### Data section:
= = = = = = =

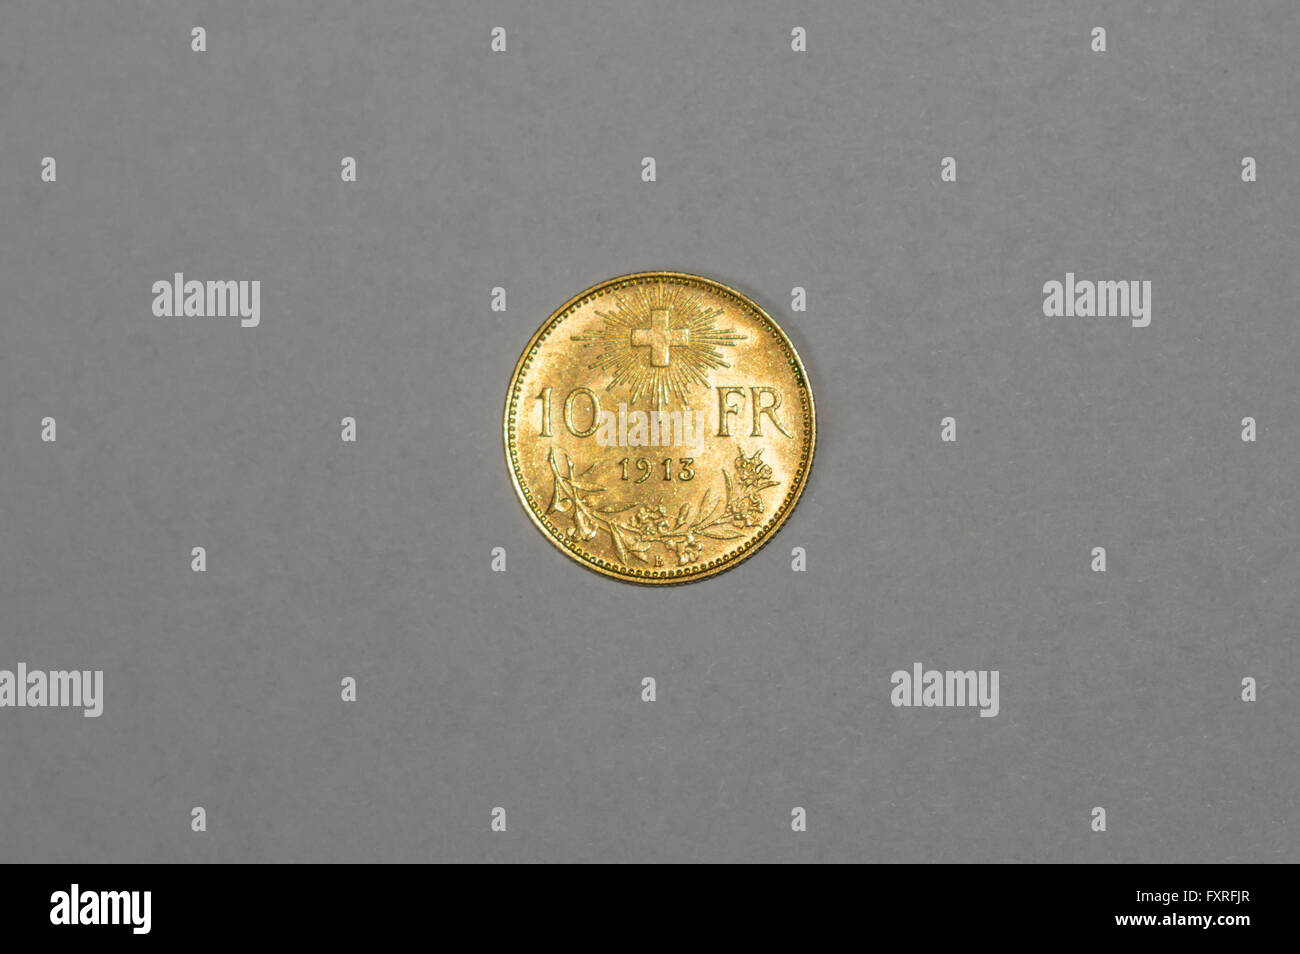 10 Schweizer Franken gold Münze, genannt Goldvreneli. Im Jahre 1913 geprägt. Stockfoto
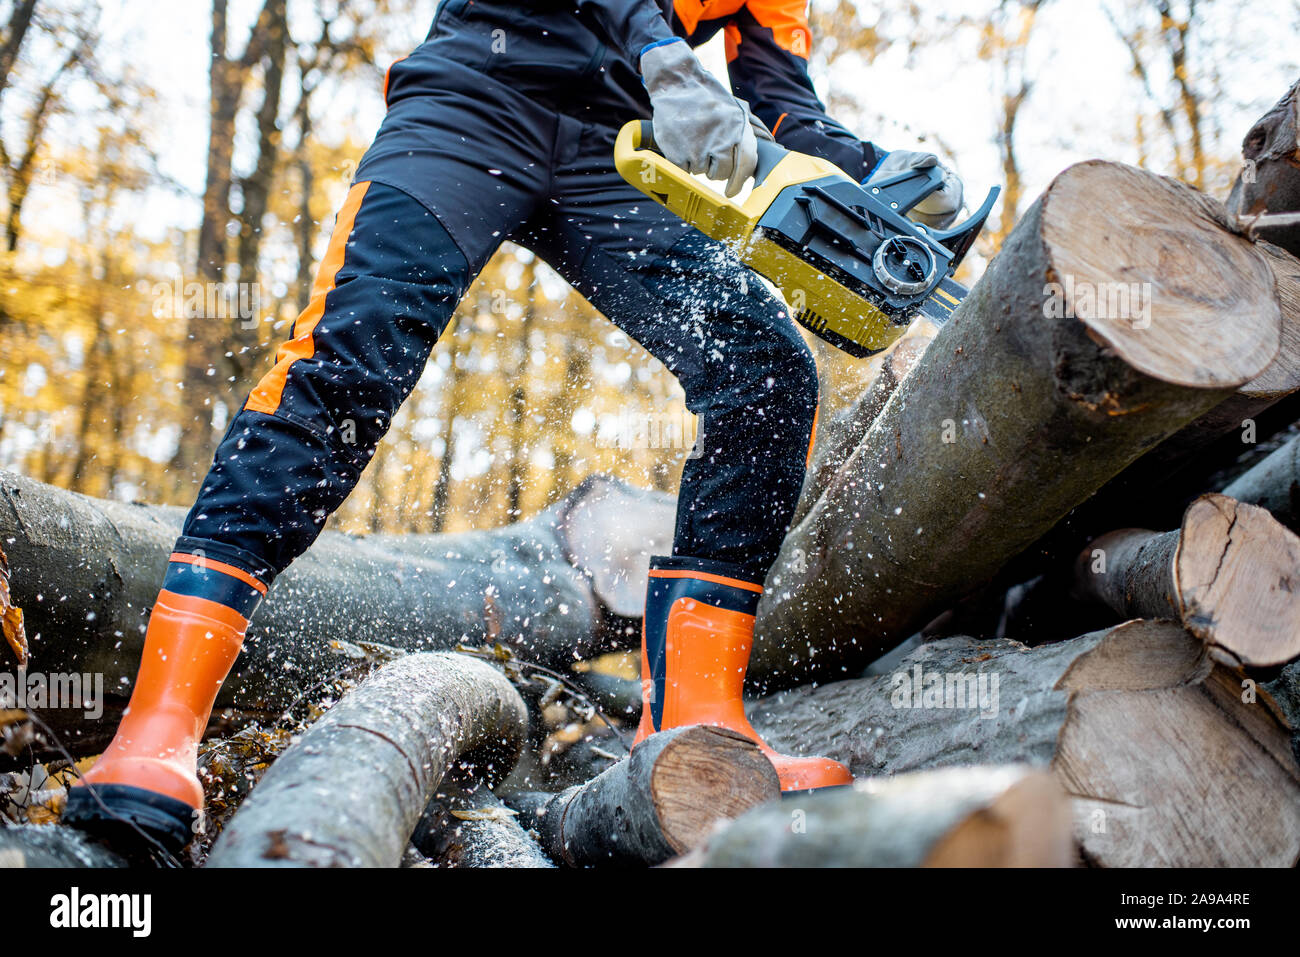 Professionelle Holzfäller in schützende Arbeitskleidung arbeiten mit der Motorsäge im Wald, sägen Holz- Protokolle, Nahaufnahme mit kein Gesicht Stockfoto
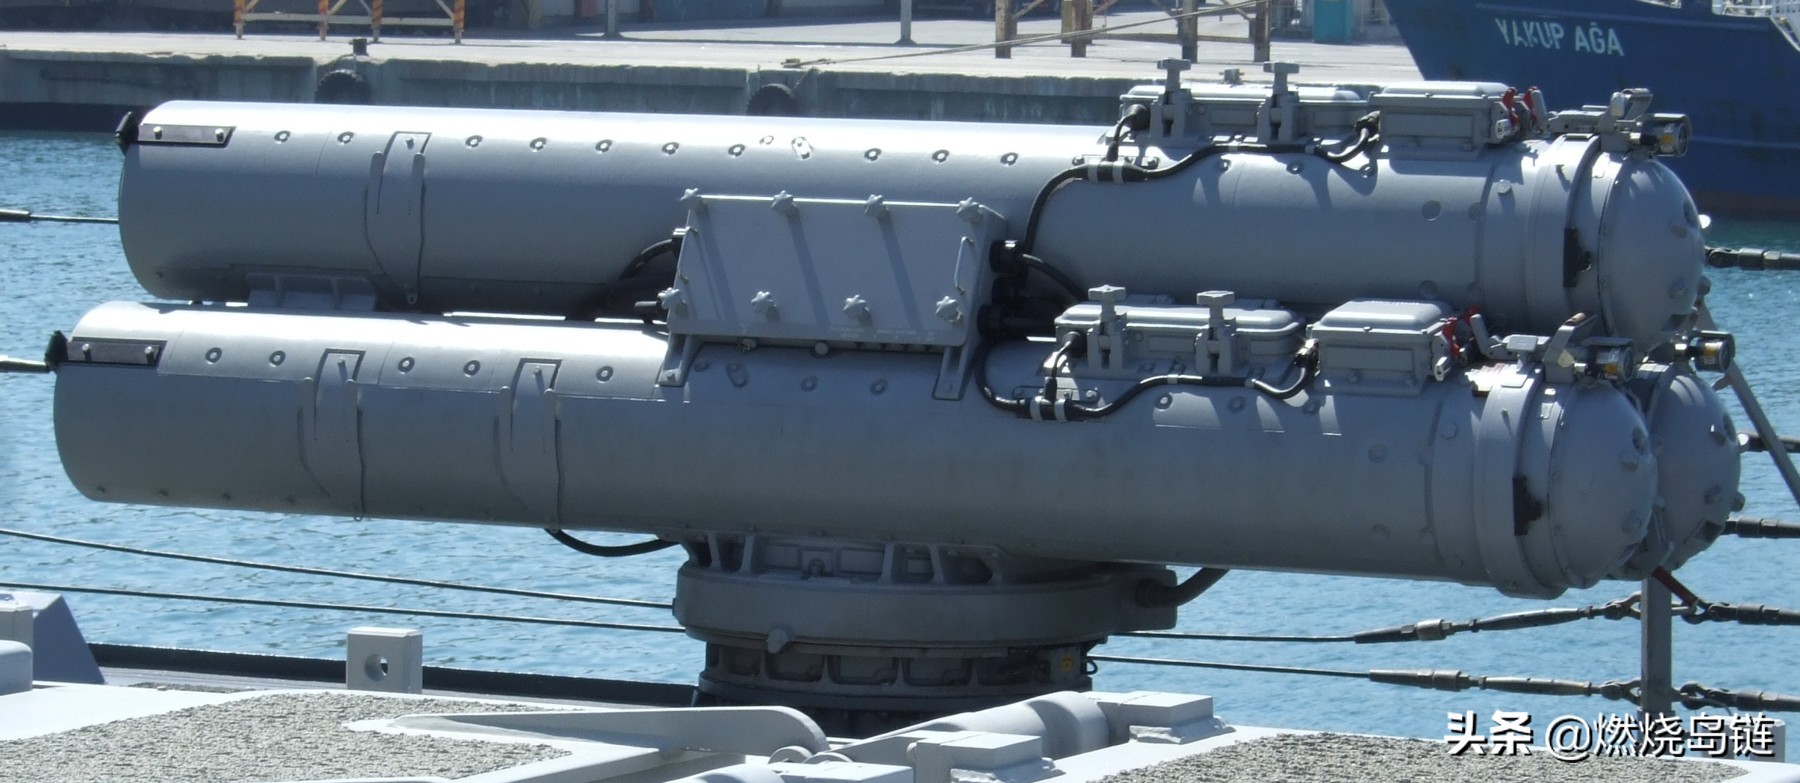 欧美海军舰艇标配的反潜武器美国mk32型324毫米鱼雷发射管

= = = = = = =

The required output is each line above restated verbatim, with all images omitted.

### Task output:
 10 Schweizer Franken gold Münze, genannt Goldvreneli. Im Jahre 1913 geprägt. Stockfoto
 Professionelle Holzfäller in schützende Arbeitskleidung arbeiten mit der Motorsäge im Wald, sägen Holz- Protokolle, Nahaufnahme mit kein Gesicht Stockfoto
 欧美海军舰艇标配的反潜武器美国mk32型324毫米鱼雷发射管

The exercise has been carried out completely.